**What the exercise asks:** Starting at the line that contains "Bobyrugs hübscher antiker", repeat each line of the listing below through the last one, exactly, and leave out every picture.

**Given data:**
Start of Block

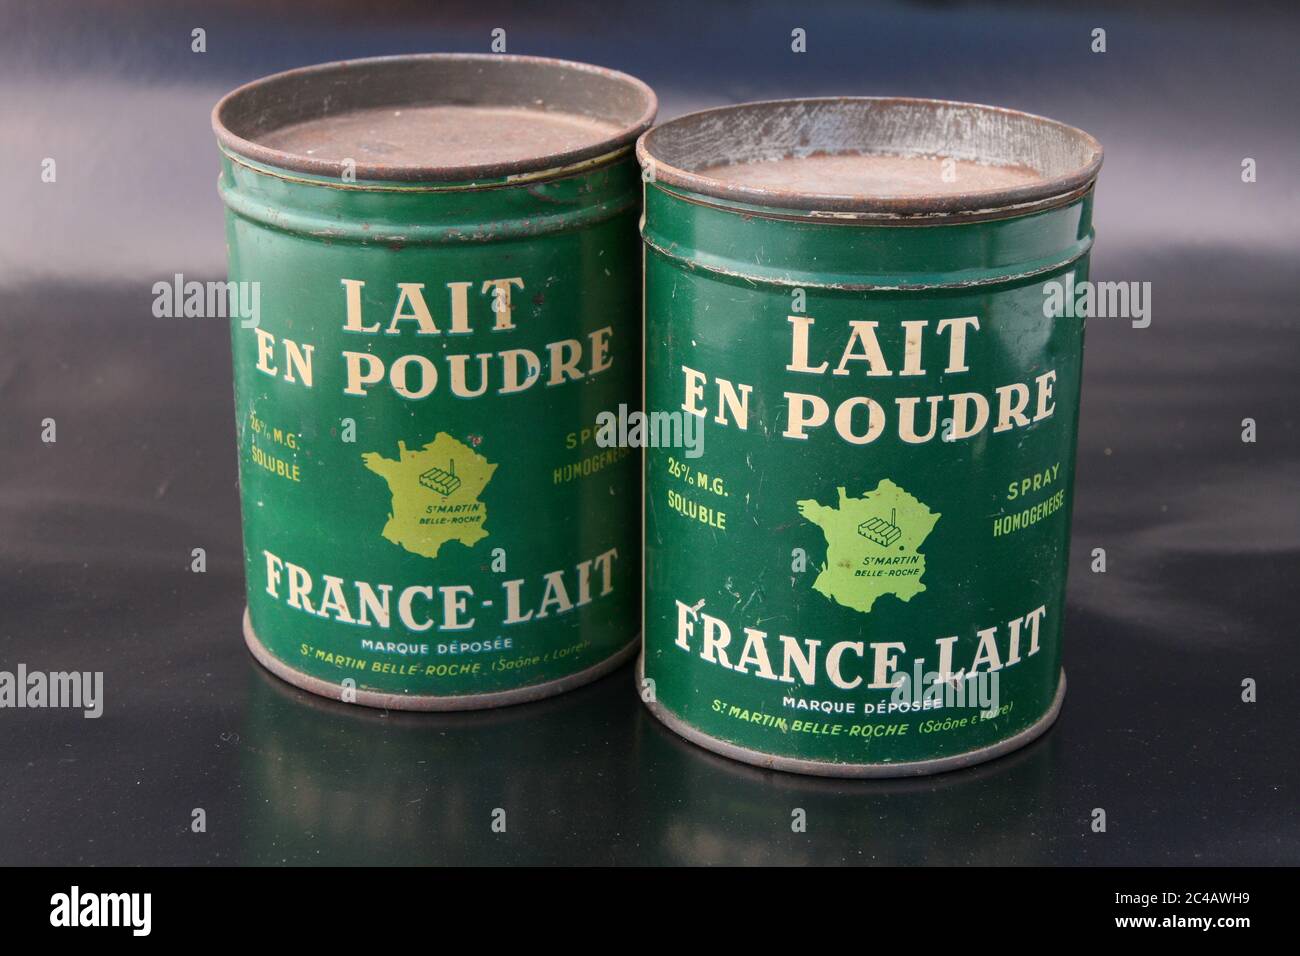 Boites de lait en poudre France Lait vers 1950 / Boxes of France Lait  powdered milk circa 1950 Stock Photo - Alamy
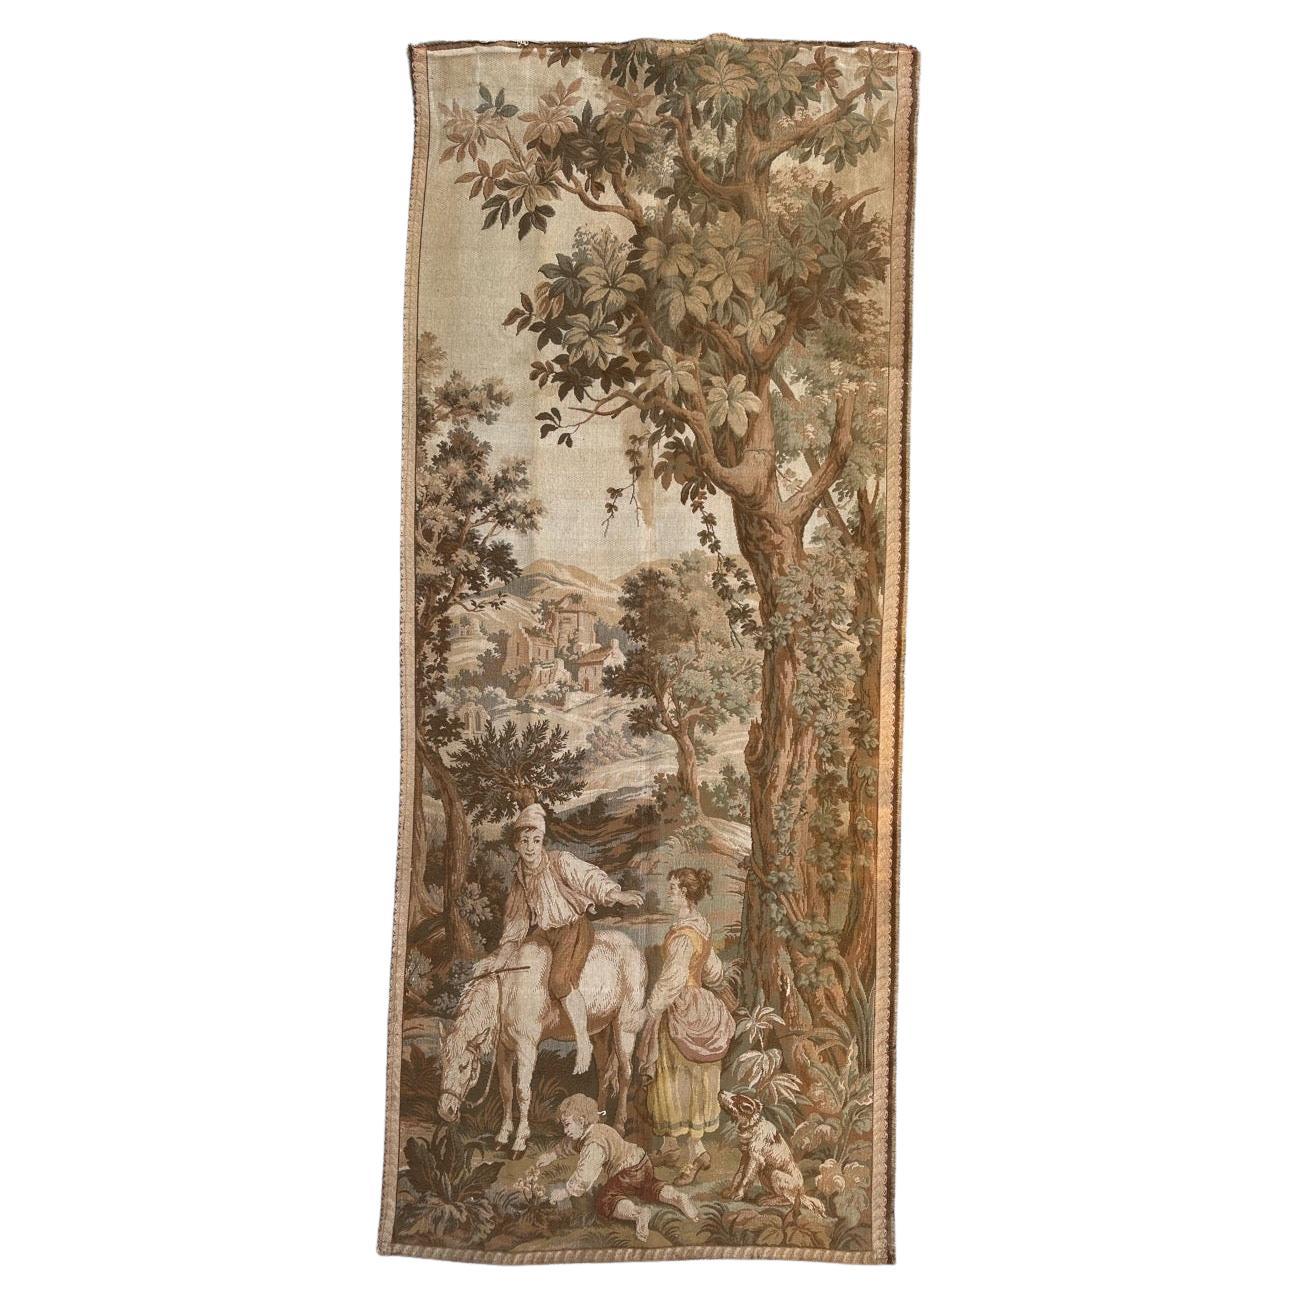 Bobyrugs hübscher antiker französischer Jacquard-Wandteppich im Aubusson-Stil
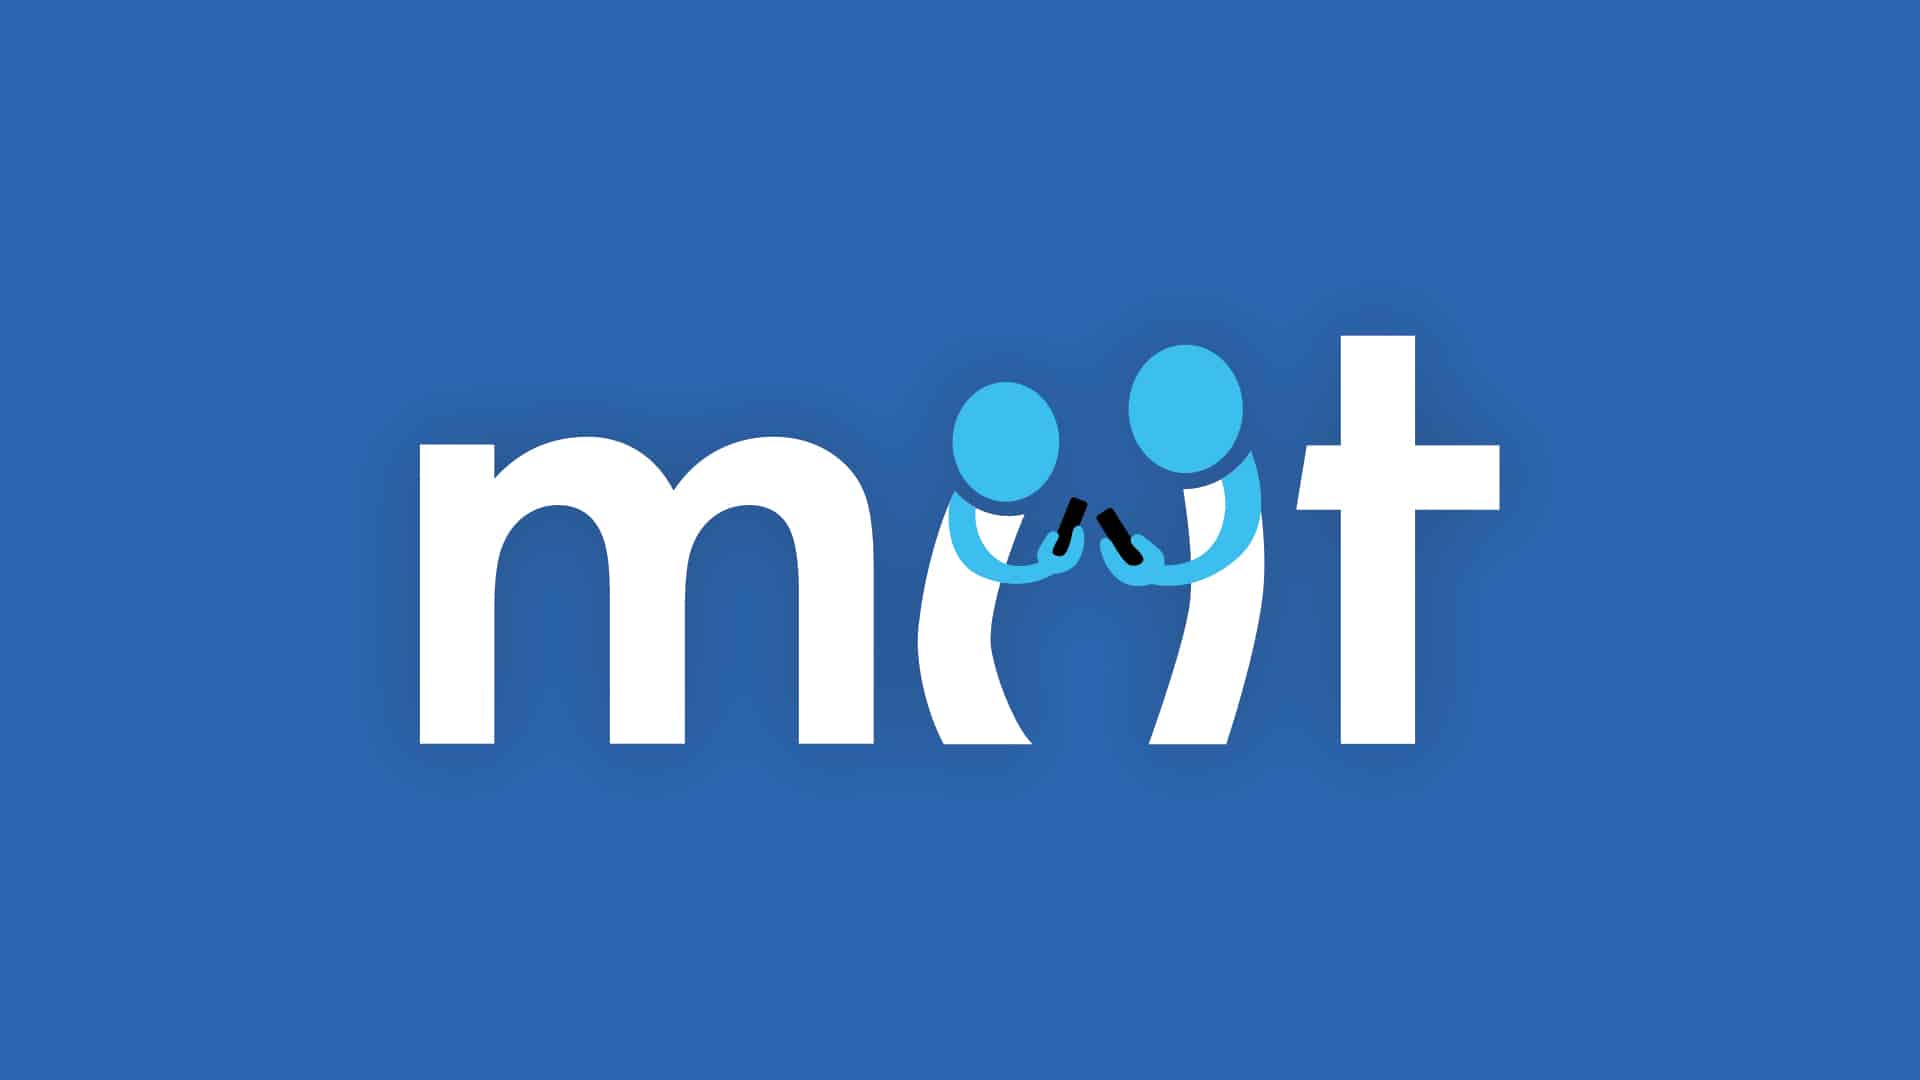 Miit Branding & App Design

End of Block

**Answer section:**
 Bobyrugs hübscher antiker französischer Jacquard-Wandteppich im Aubusson-Stil
 Miit Branding & App Design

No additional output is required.